I'd like to refer back to Jung's dream about his father, the fishskin bible, and Uriah as the "highest presence" of the psyche.  In this dream, Jung's father is a learned scholar interpreting a complex passage from the fishskin bible with great engagement and emotion.  Jung, and a "Dr. Y and his son, both psychiatrists" do not understand, but whereas Dr. Y's son laughs and thinks Jung's father's interpretation is "simply senile prattle", Jung himself recognizes (even in his ignorance) that his father's analysis of the text is highly complex and brilliant.  After relating this scene of the dream, Jung writes: "The two psychiatrists represented a limited medical point of view which, of course, also infects me as a physician.

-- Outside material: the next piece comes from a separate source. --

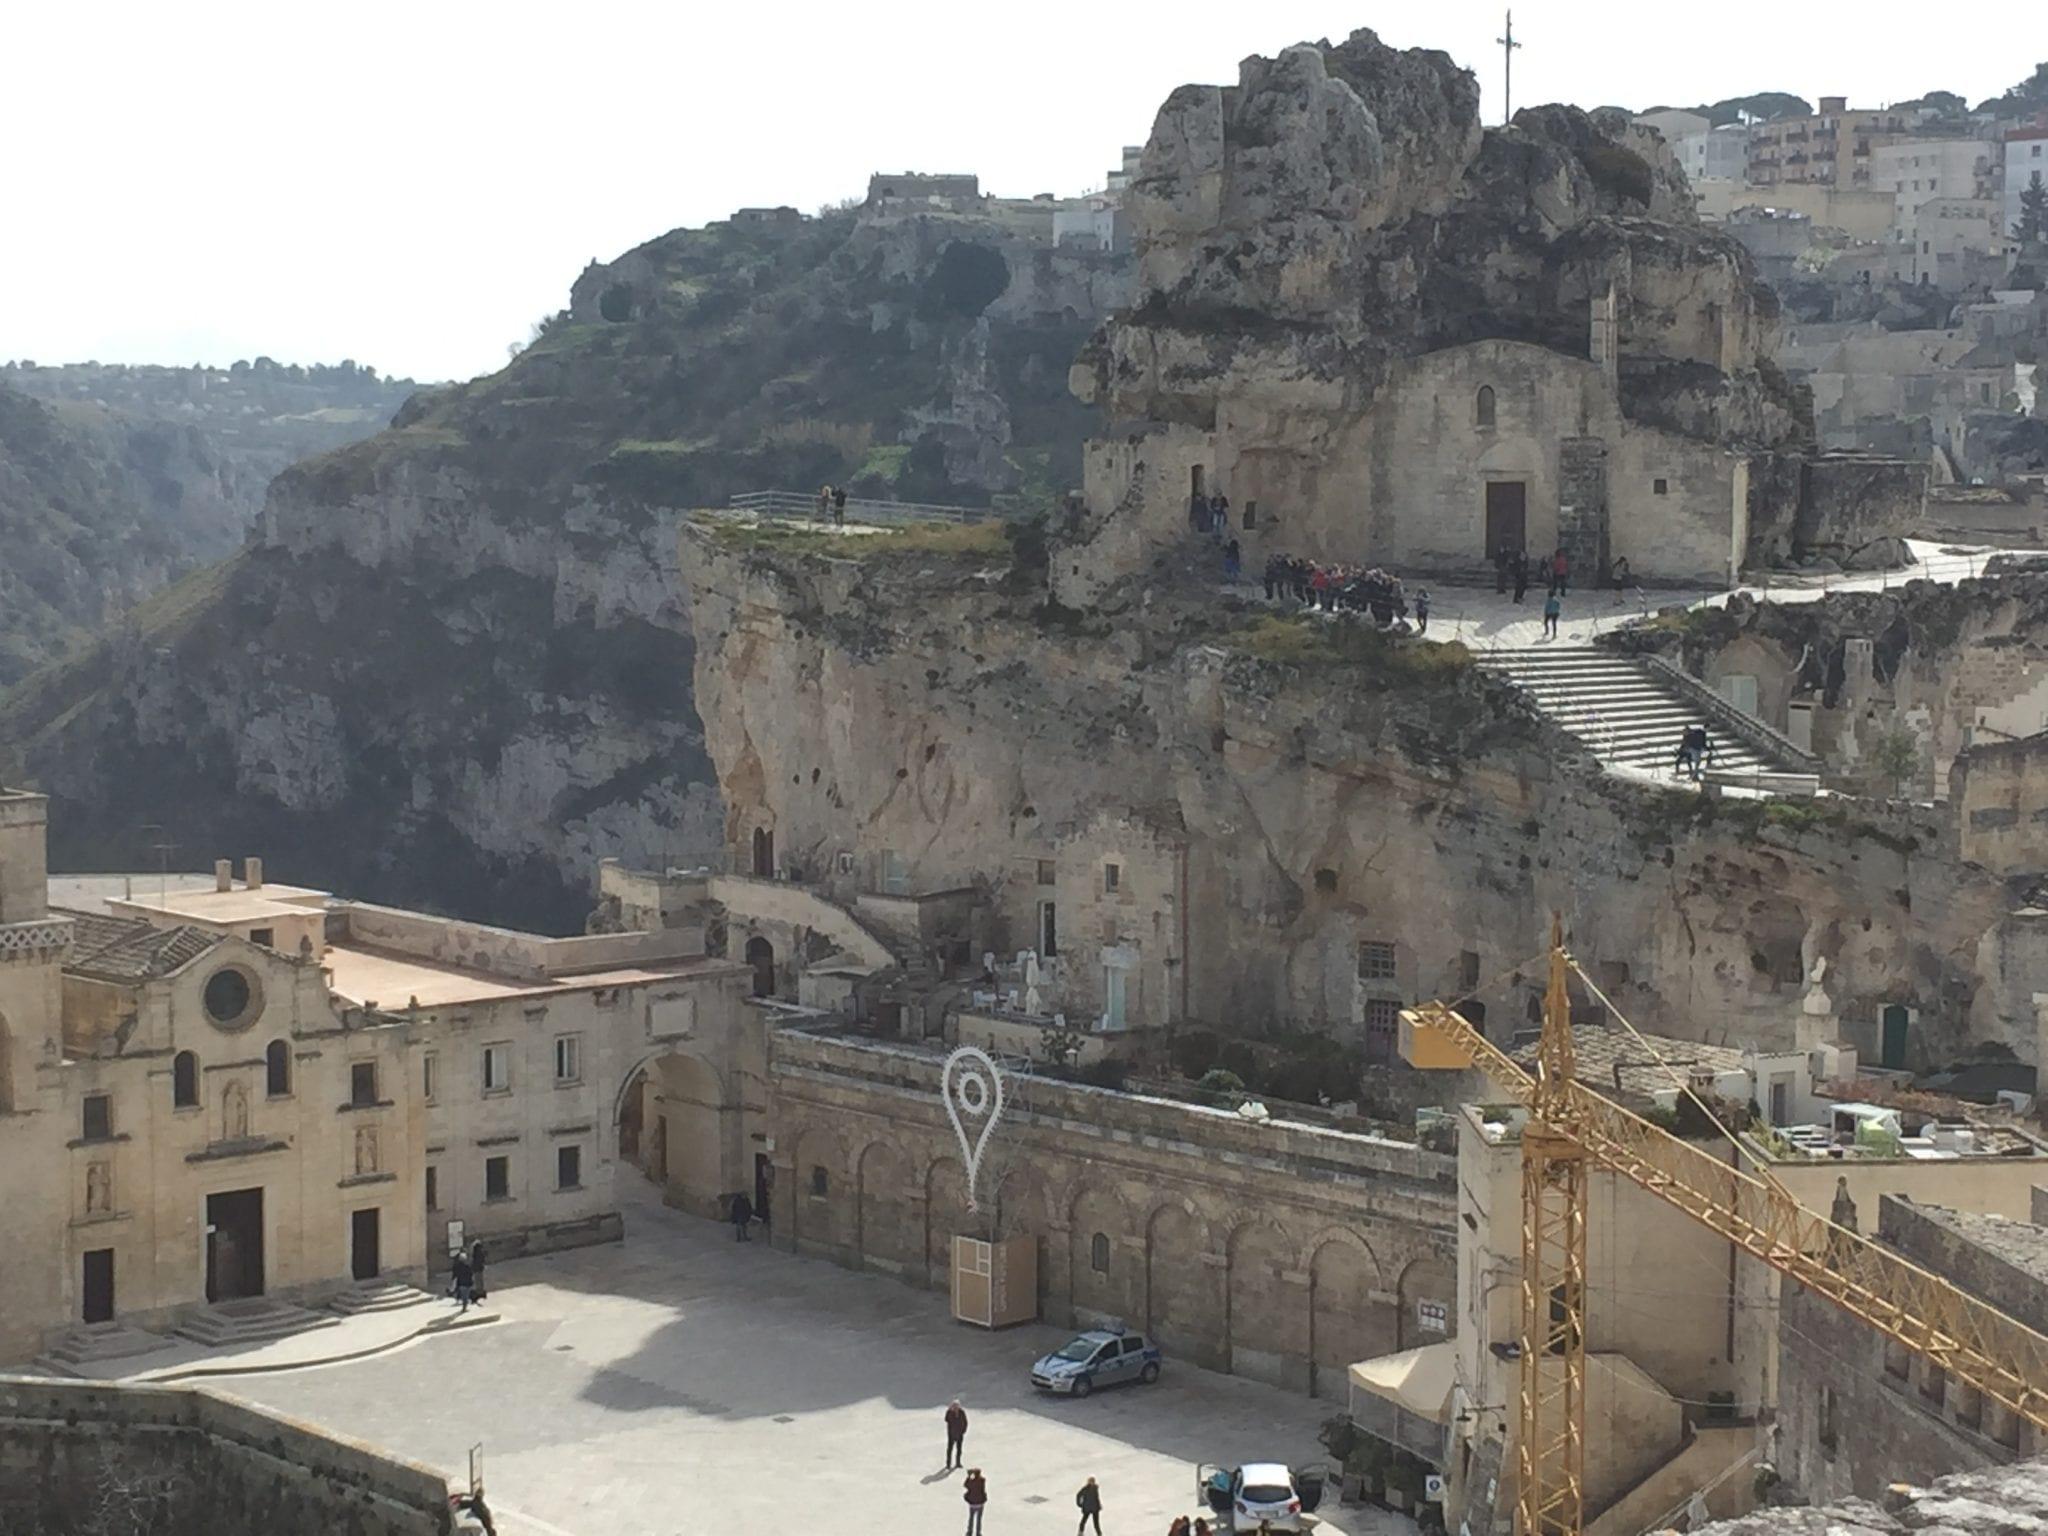 Splendori di Matera. Al via i restauri degli affreschi della chiesa rupestre di Santa Maria de Idris

They represent my shadow-first and second editions of the shadow, father and son."  This small statement is extremely telling and, I think, very important to understanding that Jung was not simply a "mystic", but a person caught between a strong rational impulse and talent on one hand and a powerful mystical "Calling" on the other.  His life's work was, essentially, an attempt to sort this "conflict of Opposites" out.

In the next scene of this dream, Jung hears the sound of wood thrown down on the ground and assumes (rationally) that workmen are working nearby . . . but his father indicates that this was actually caused by poltergeists (spirits).  As his father leads him into the Indian mandala chamber on the second floor over which Uriah presides (behind a closed door above the center), Jung is compelled to kneel and touch his head to the floor after the model of his father.  Yet, he cannot bring himself to quite touch his head . . . another act of rationalism, skepticism, or inability to commit to the "irrational" principles of instinctual spirituality.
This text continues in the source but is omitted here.